Gordon Douglas: Yes, we started this program about two years ago. We’ve actually a two annual conferences. But the most recent one in February was called Entrepreneurship, Food Entrepreneurship, how we emphasize Princeton Entrepreneurs, because we coupled it with the career services event for students. We’re trying to get students to not just go into the financial industry or law, medicine, the traditional trajectory, but get some of them who will be interested in doing things to help solve this incredible world problem. And it was very, very successful in that regard. We had number of panels four, five panels, each of which has four or five participants, who only spoke for maybe five minutes a piece and then there was plenty of time for discussion from the floor and amongst the panelists. But we had people who were inventors of things or a processes. We did have one about actually people trying to change and improve food on the plate, as it where. But we had other people talking about how particular foods are grown, how to make things better. And a number of people had started companies that we’re working in this area. So it was a really very exciting event, a lot of student participation and student excitement over the event. We plan to continue.

Ralph Nader: Well, we have a day on Breaking Through Power called breaking through the media. We want the kind of media that has much more time and space for serious content like Dr. Douglas has just described. That kind of conference that you had at the Woodrow Wilson School at Princeton University would have been televised all over the country. And all kinds of people would pick it up at other schools and say, “Hey look! Why can’t we do this at Cumberland School? Why can’t we do this at Ohio State or San Diego State or Berkeley?” One thing that interested me about your project, Gordon, is that there were different parts of Princeton University’s Departments, who were working on some aspect of food, and they really didn’t even know each other. You helped bring them together. This is a real problem around the country, the kind of micro silos of people who are right next to each other but really don’t even know it and don’t collaborate so there’s an aggregation. The whole is greater than the parts. You want to describe a problem that’s very wide spread in Washington and around the country?

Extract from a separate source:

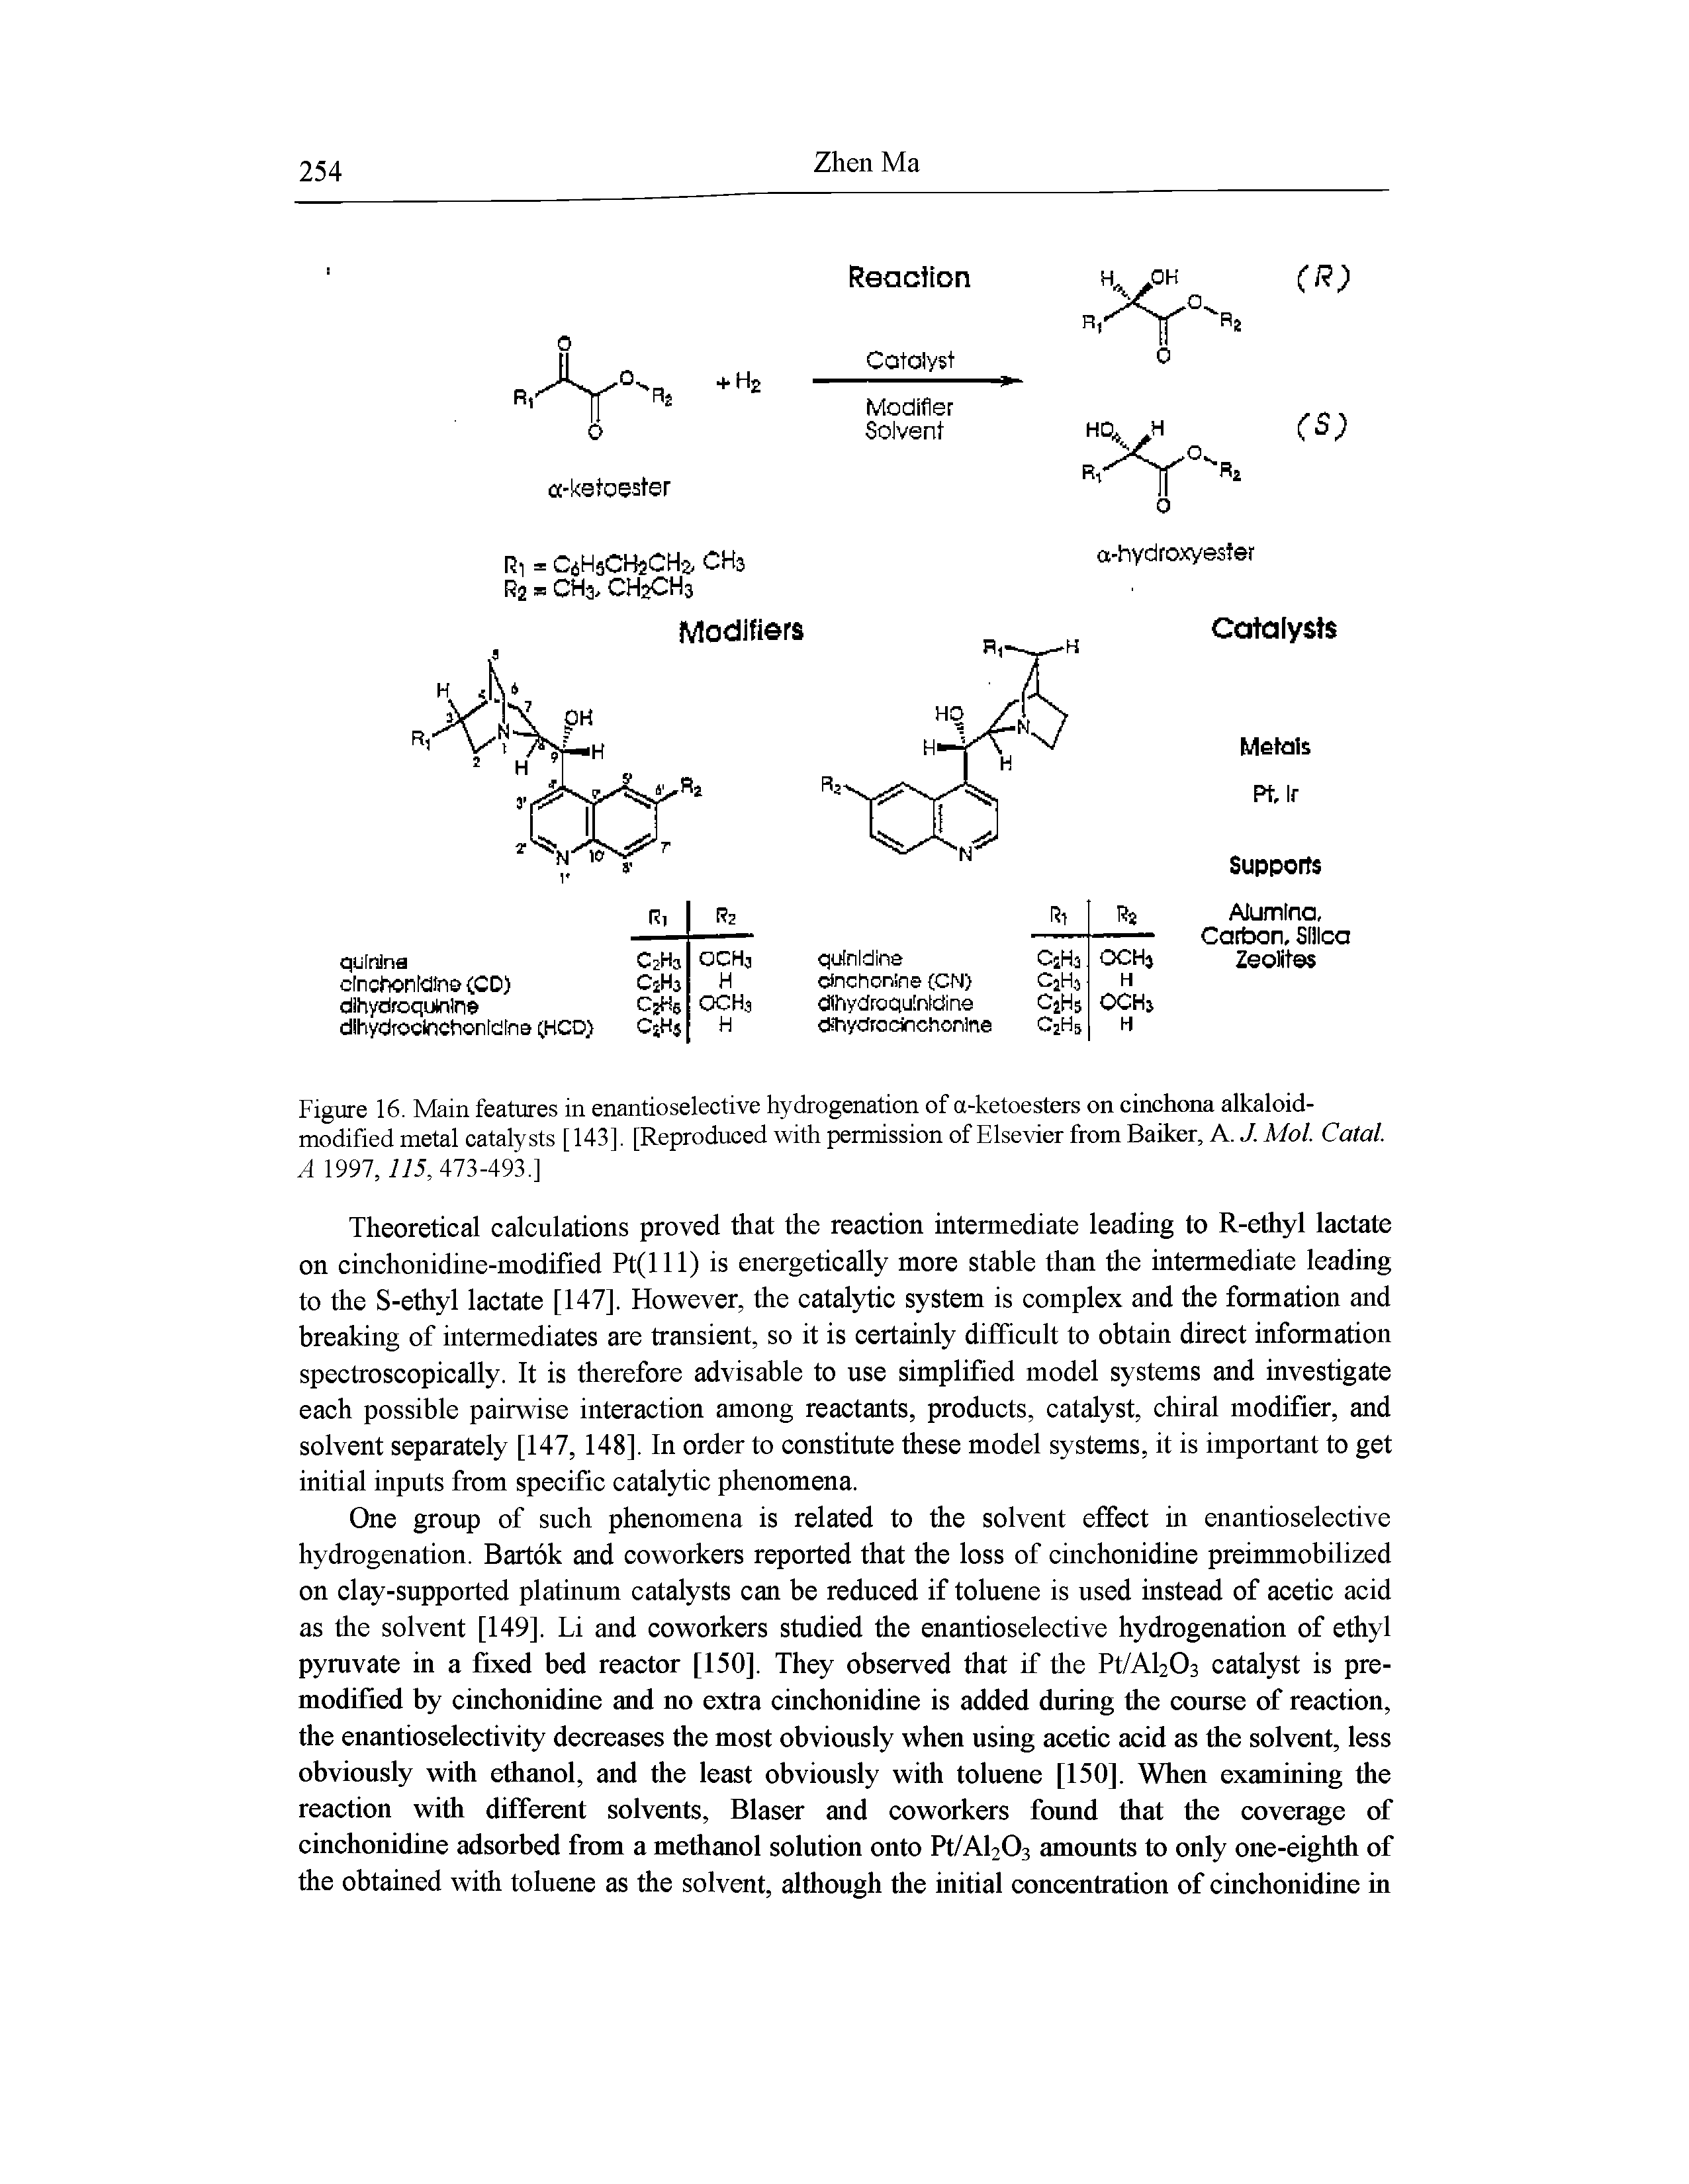 Figure 16. Main features in enantioselective hydrogenation of a-ketoesters on cinchona alkaloid-modified metal catalysts [ 143]. [Reproduced with permission of Elsevier from Baiker, A. J. Mol. Catal. A 1997,115, 473-493.]...

Gordon Douglas: Yes. No, I agree with you 100%. I think that there’s no question that when we started this program two years ago my wife and I we were told that there’s nobody on the Princeton campus working on food, that it’s a very basic scienceoriented, basic research kinds of questions of the faculty oriented in that direction and not towards more practical questions surrounding food. Well of course, there’s some really basic science questions pertaining to food that are terribly important. But, we began to talk to people, and we found out there were lots of people working on food. They didn’t know each other. One of the interesting things is, there’s no Department of Food in a college or university. There are Departments of Chemistry and Biology and Molecular Biology and Engineering and English and so on and so forth, traditional departments. We found that there are people in many of these different departments, for instance, one of the professors comes from civil environmental engineering. And he’s is really interested in the growth of food in Sub Saharan Africa where water is scarce and what plants do you grow as crops and so on and so forth, and how do you irrigate them, and that kind of thing. There’s another famous behavioral psychologist, who is interested in why people become obese, what drives their behavior in overeating, and how can you change that from the behavioral psychology point of view. They’re people coming a it, again, from different points of view. So, we coalesced people together. I'm not sure we everybody together yet. But we've done pretty good job of it.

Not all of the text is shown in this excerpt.